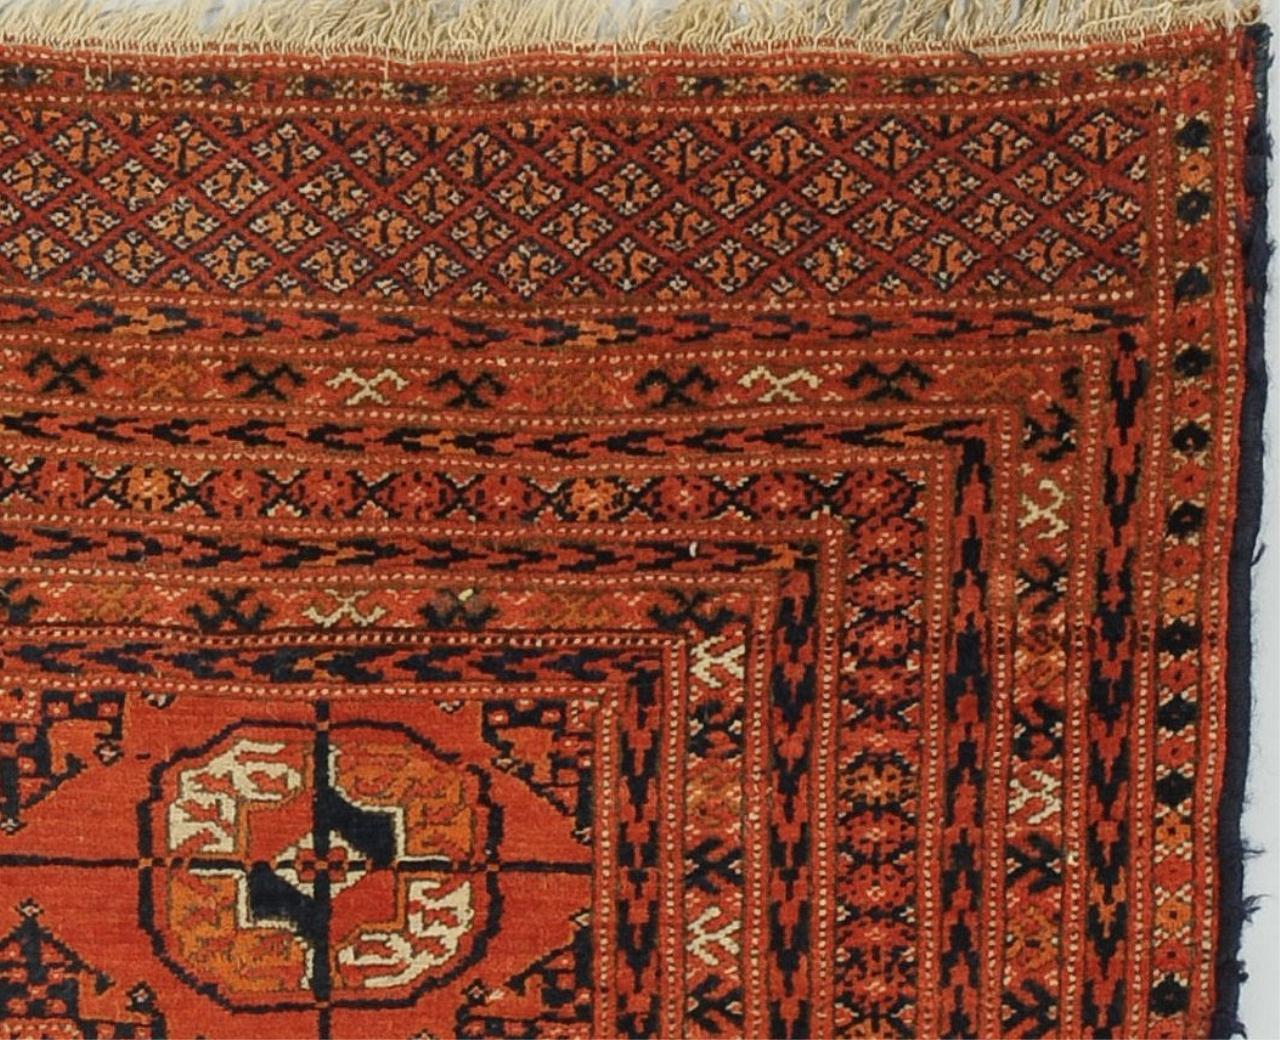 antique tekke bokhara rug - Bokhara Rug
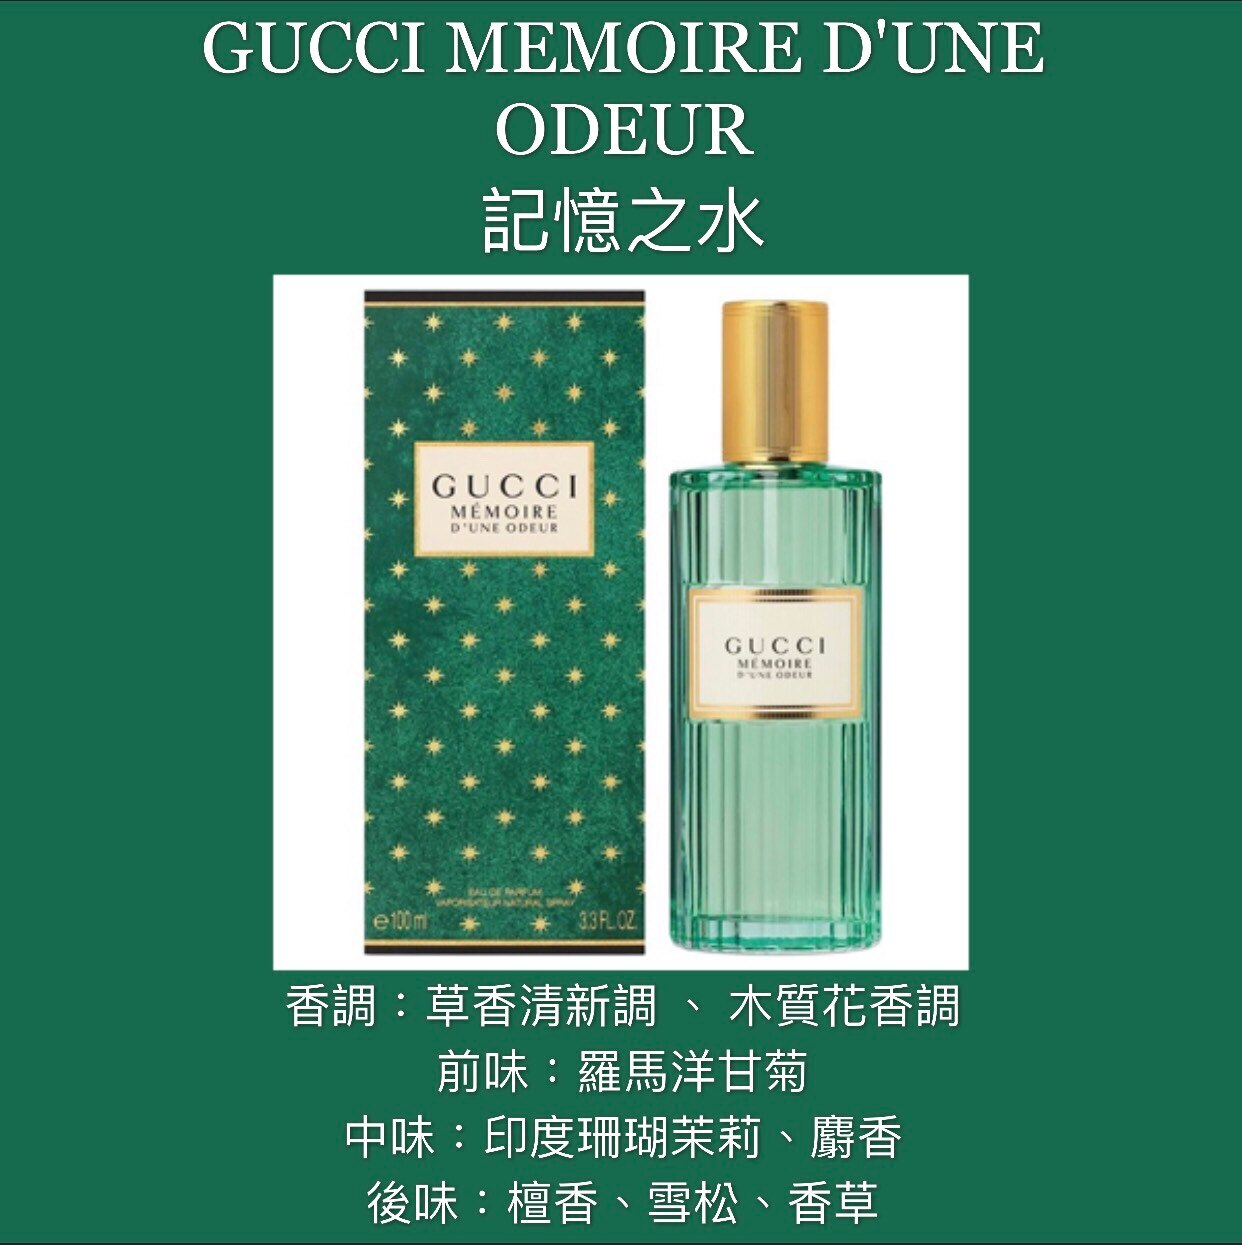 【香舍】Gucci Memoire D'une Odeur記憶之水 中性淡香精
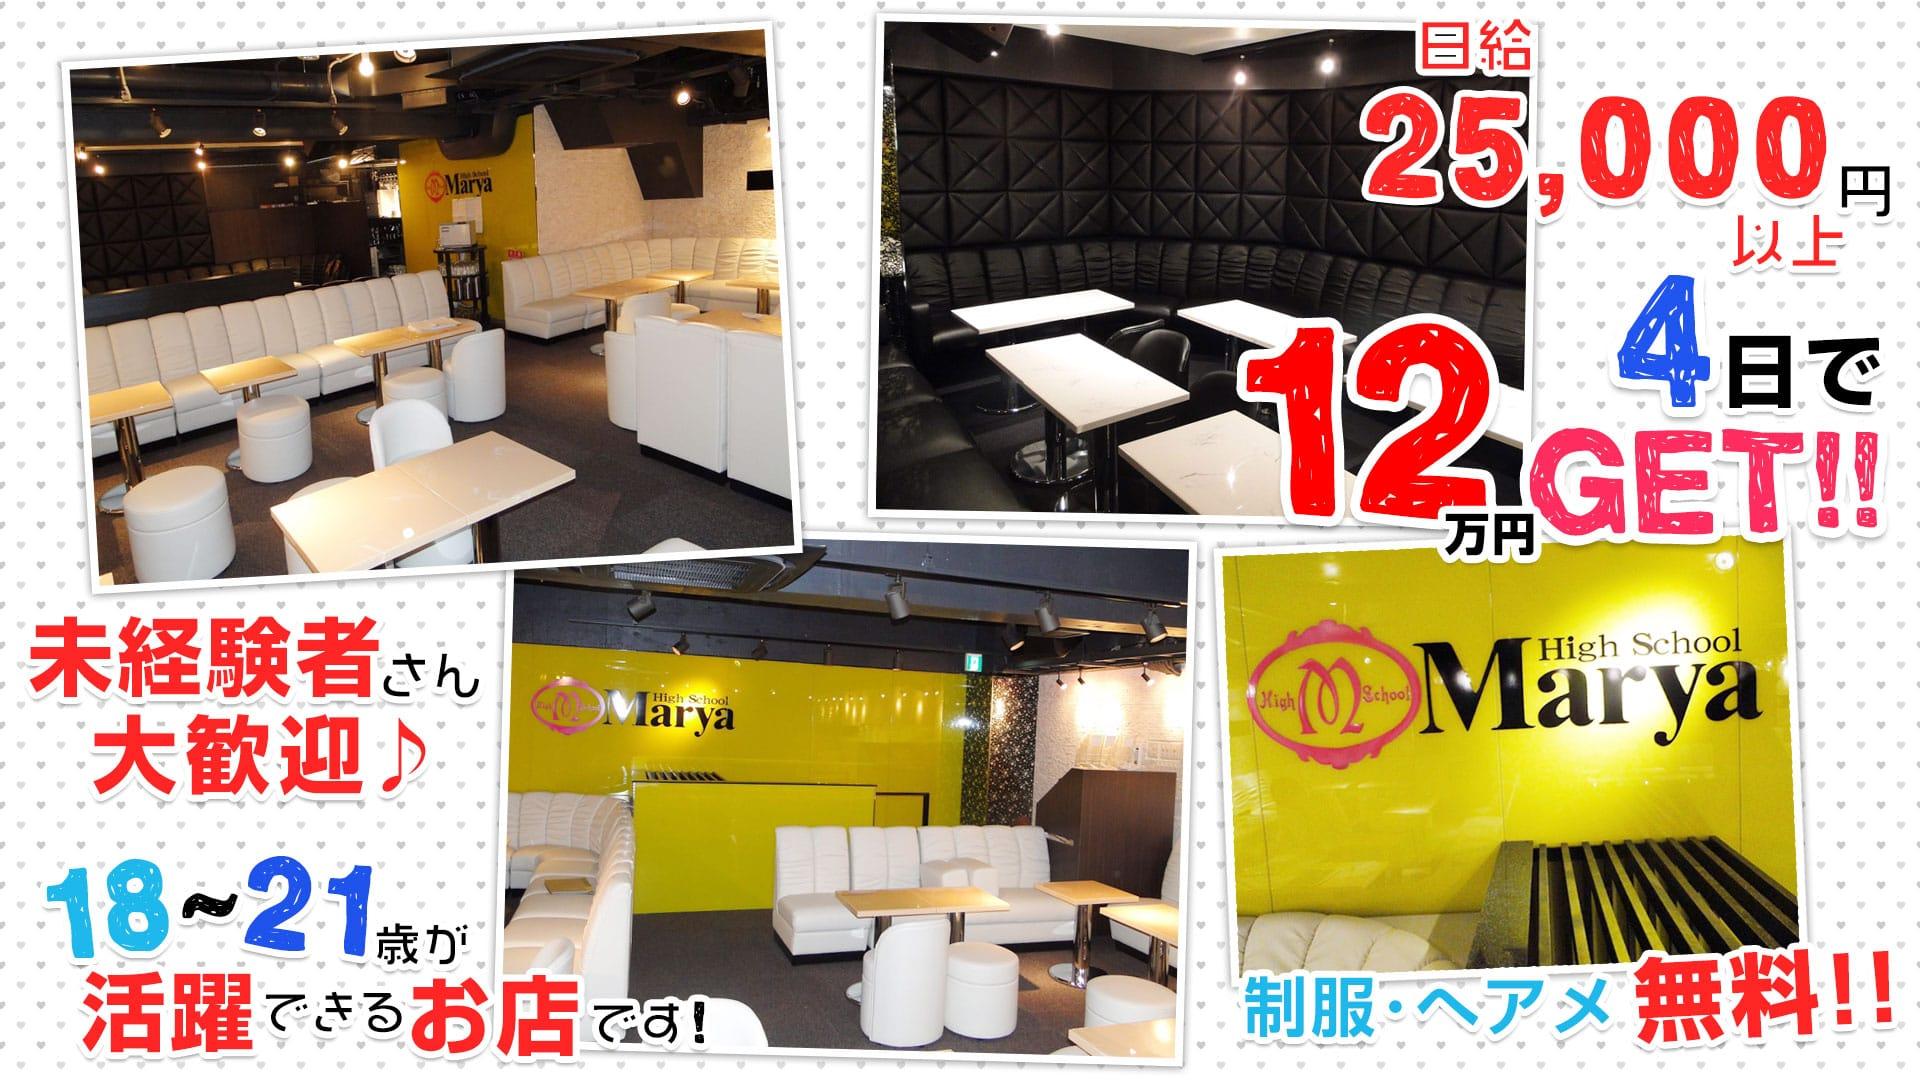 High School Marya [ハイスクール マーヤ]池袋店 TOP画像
...
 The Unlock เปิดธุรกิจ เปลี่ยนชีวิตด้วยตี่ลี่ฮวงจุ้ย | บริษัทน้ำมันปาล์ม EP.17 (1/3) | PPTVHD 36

#### [What is expected]
What are the lines above from the one with "antique tekke bokhara rug - Bokhara Rug" to the one with "High School Marya [ハイスクール マーヤ]池袋店 TOP画像", both included? Reproduce them exactly, without pictures.

#### [Completed task]
 antique tekke bokhara rug - Bokhara Rug
 【香舍】Gucci Memoire D'une Odeur記憶之水 中性淡香精
 High School Marya [ハイスクール マーヤ]池袋店 TOP画像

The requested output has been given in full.